Startup robustness (so unattended runs don't silently no-op)

Two things bite an unattended driver before the prompt even runs:

  • The glyph is drawn ~6s before the input accepts keystrokes. Waiting for is necessary but not sufficient. The harness sends the prompt, then verifies a chunk of it actually landed in the input box, retrying until it does — so it can't type into a not-yet-live input and submit nothing.
  • First time claude opens a repo it shows "Is this a project you trust?" (which also contains ). The harness detects that dialog and presses Enter to accept it before typing.

If the prompt never lands or work never starts, the harness now fails loudly (non-zero exit) instead of capturing an empty pane and reporting a bogus run.

How completion is detected (the tricky part)

Claude's TUI redraws in place, so you can't just wait for output to stop.

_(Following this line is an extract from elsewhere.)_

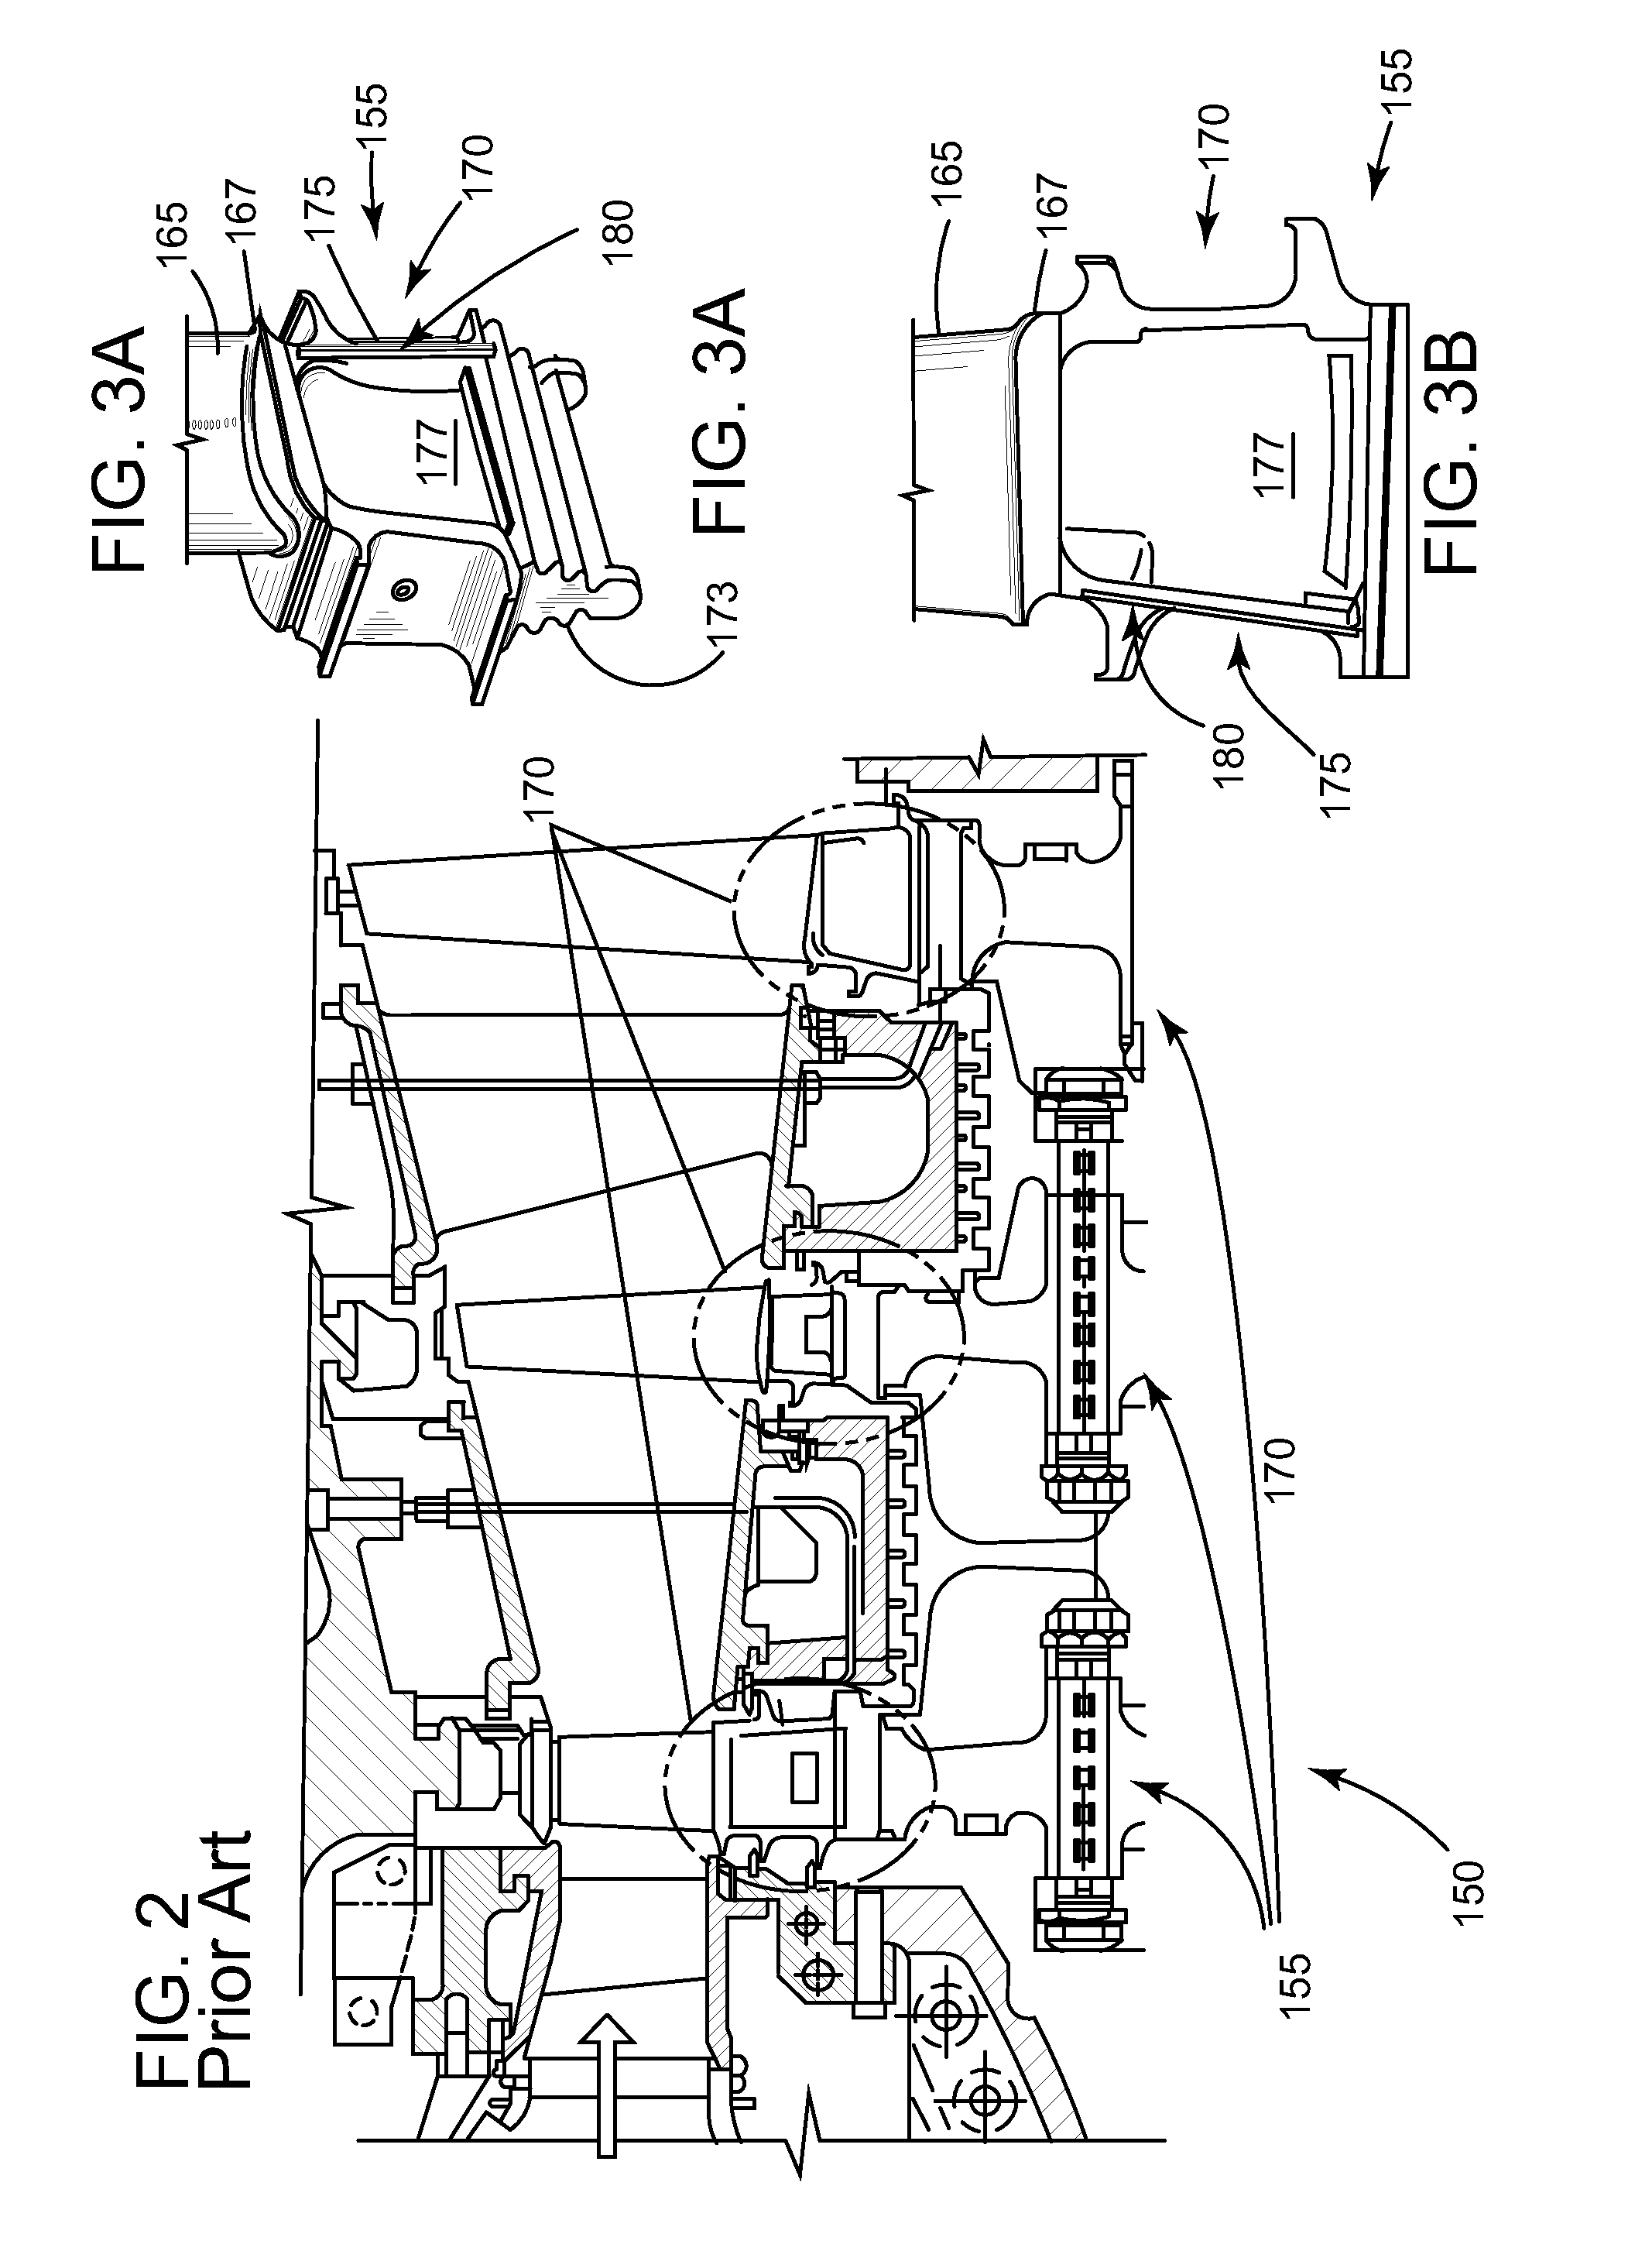 System for sealing a shaft

The harness polls tmux capture-pane and treats the pane as busy when it shows the spinner's elapsed-time-in-parens — (8s · …) / (1m 3s · …), matched by \(([0-9]+m )?[0-9]+s ·. That's the universal working signal: it shows during the pre-stream thinking phase ((8s · thinking with max effort), which has no token arrow yet) and during streaming. The ↓ N/↑ N token arrow, esc to interrupt, and Initializing… are OR'd in as belt-and-braces (some TUI versions show one but not the others). It declares idle when the prompt is present and not busy for 10 consecutive polls (~5s, long enough to ride out mid-conversation thinking gaps that briefly drop the spinner). (Technique adapted from devpit's WaitForIdle.)

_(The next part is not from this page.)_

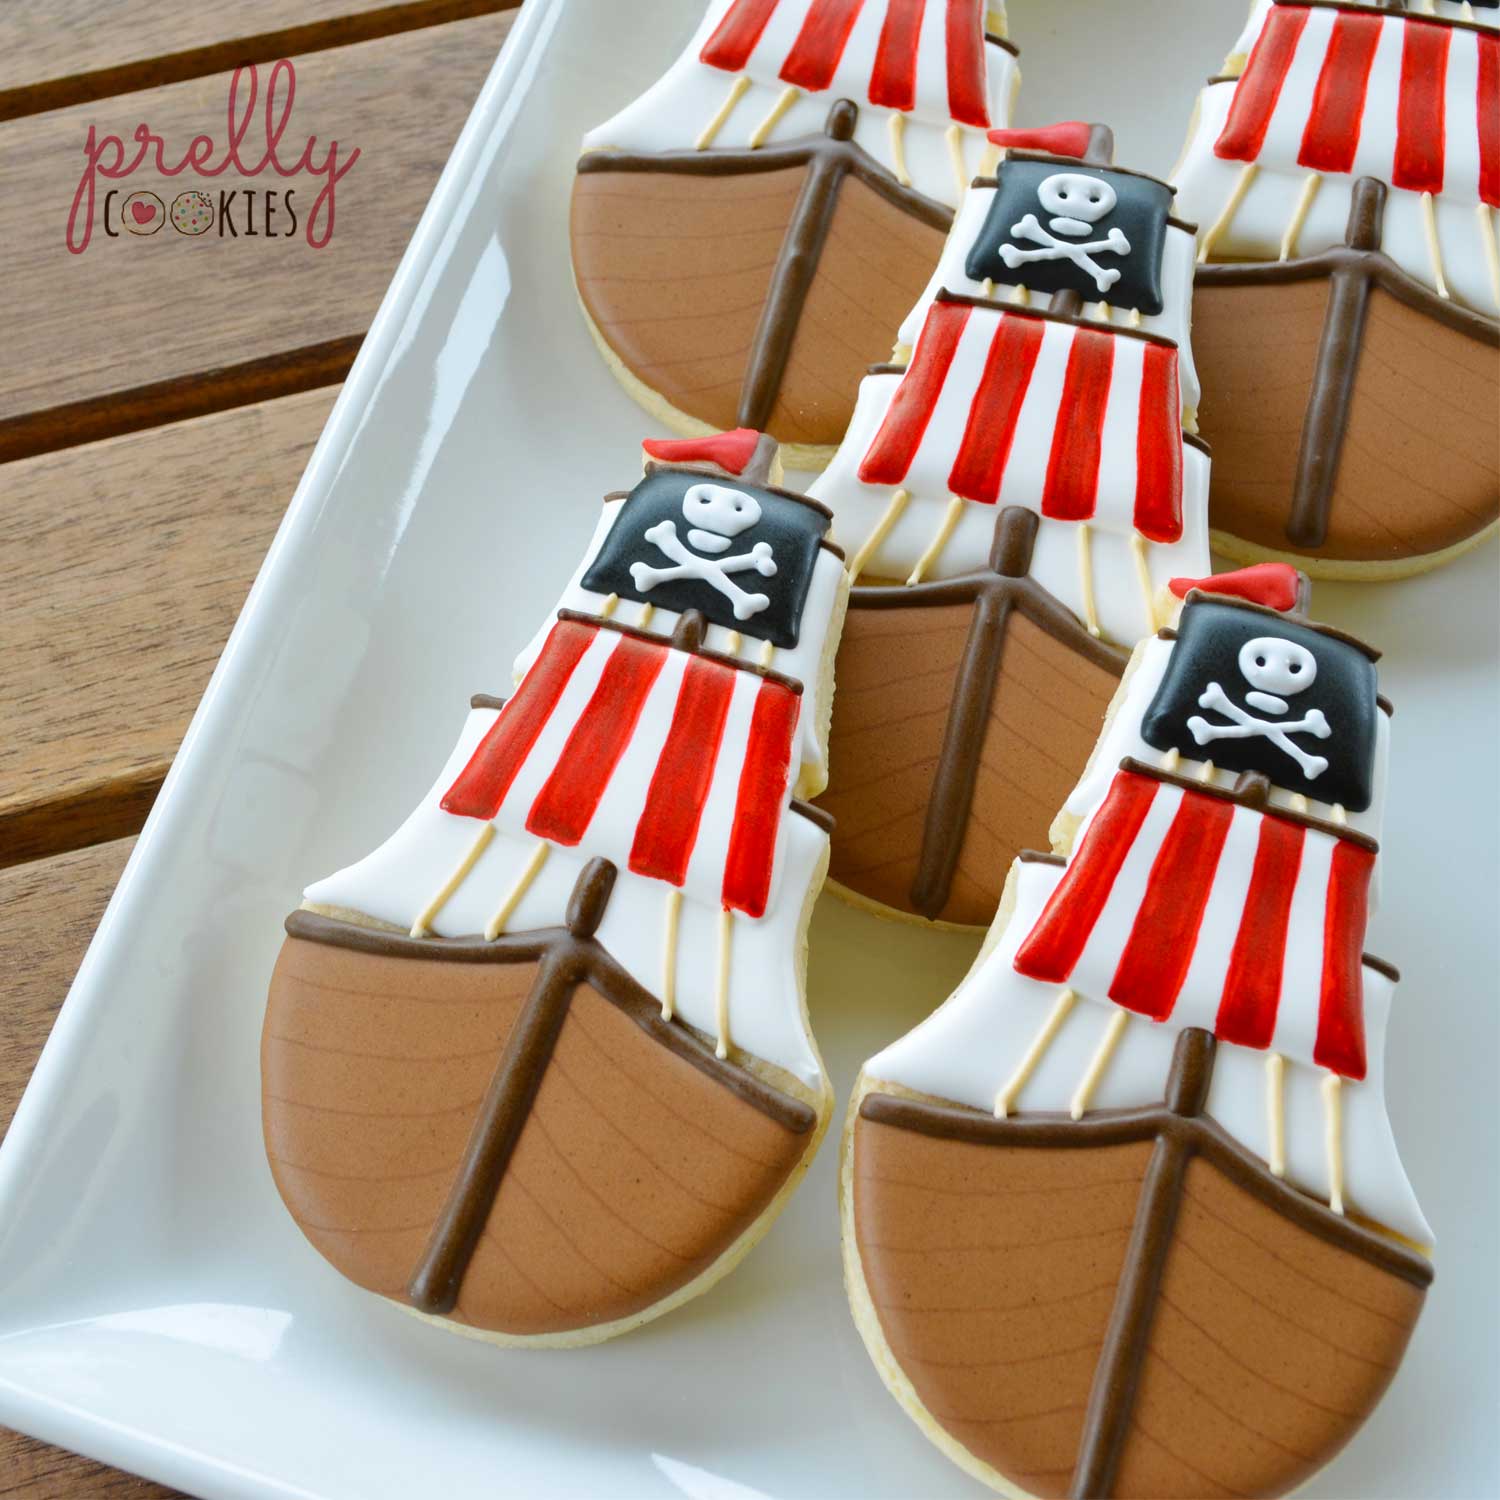 pirate-ship-cookies-square

Where the breakdown comes from

parse-session.mjs reads the newest session log under ~/.claude/projects/<escaped-cwd>/<session>.jsonl and its subagent transcripts under <session>/subagents/*.jsonl. The subagent file is where the real tool calls are — the main log only shows the Agent delegation. You can run it standalone:

node scripts/agent-eval/parse-session.mjs /tmp/corpus/vscode

Headless test (clean tokens, forceable Explore path)

scripts/agent-eval/run-agent.sh <repo-path> <label> "<question>"

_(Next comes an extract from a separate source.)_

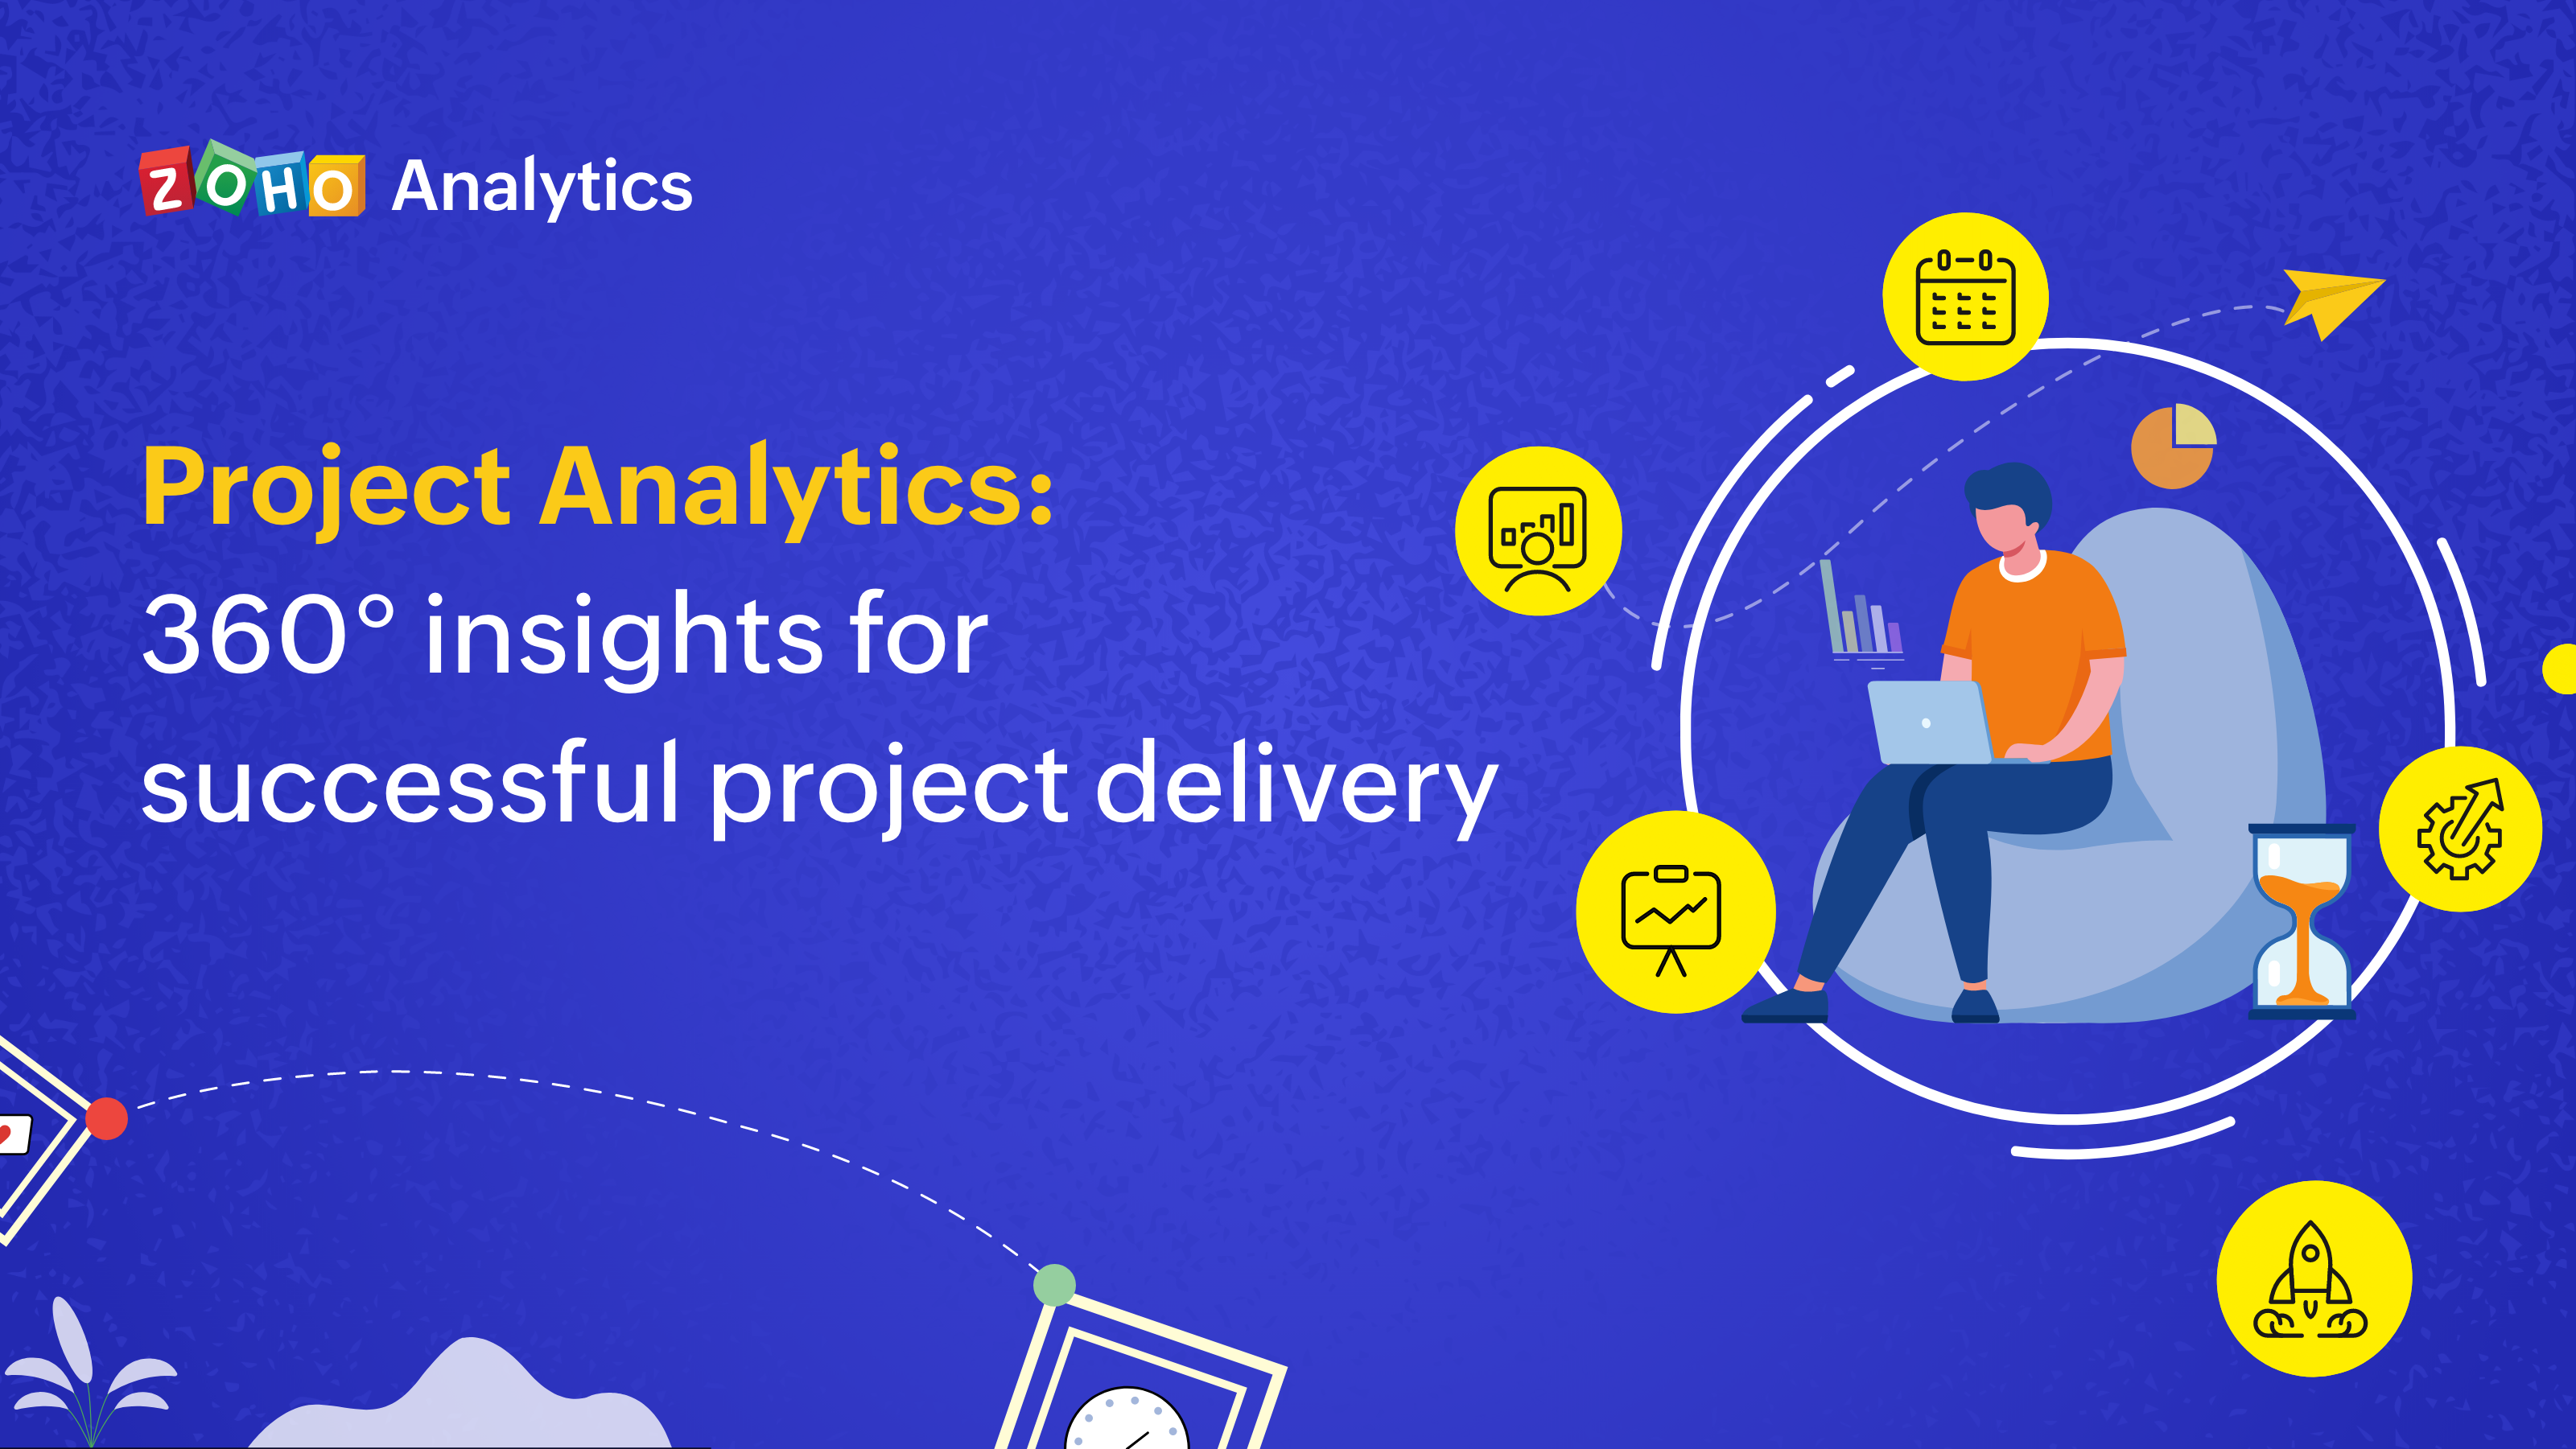 Project analytics: 360° insights for successful project delivery

Writes stream-json and prints the tool sequence + exact tokens/cost. To reproduce the Explore-subagent path headlessly, ask for it: "Use an Explore subagent to investigate, then answer: …".

Running a sweep

Single runs vary a lot (the VS Code question has ranged 26–37 tool uses / 88–105k tokens across runs). For a real signal, run N≥3 and take the median:

for i in 1 2 3; do
  scripts/agent-eval/itrun.sh /tmp/corpus/vscode "vscode-$i" "<question>"
done

What "good" looks like

After the explore-first guidance (PR #191), an understanding question should show the agent leading with codegraph_explore and using search/node to fill gaps — not a wall of Read/Grep. Example faithful run: VERDICT: codegraph_explore used 3x | Read 8 | Grep/Bash 1. If explore is 0 and Read/Grep dominate, the guidance regressed.

Output artifacts

Transcripts and logs go to $AGENT_EVAL_OUT (default /tmp/agent-eval/): itrun-<label>.txt (pane capture), run-<label>.jsonl (headless stream-json).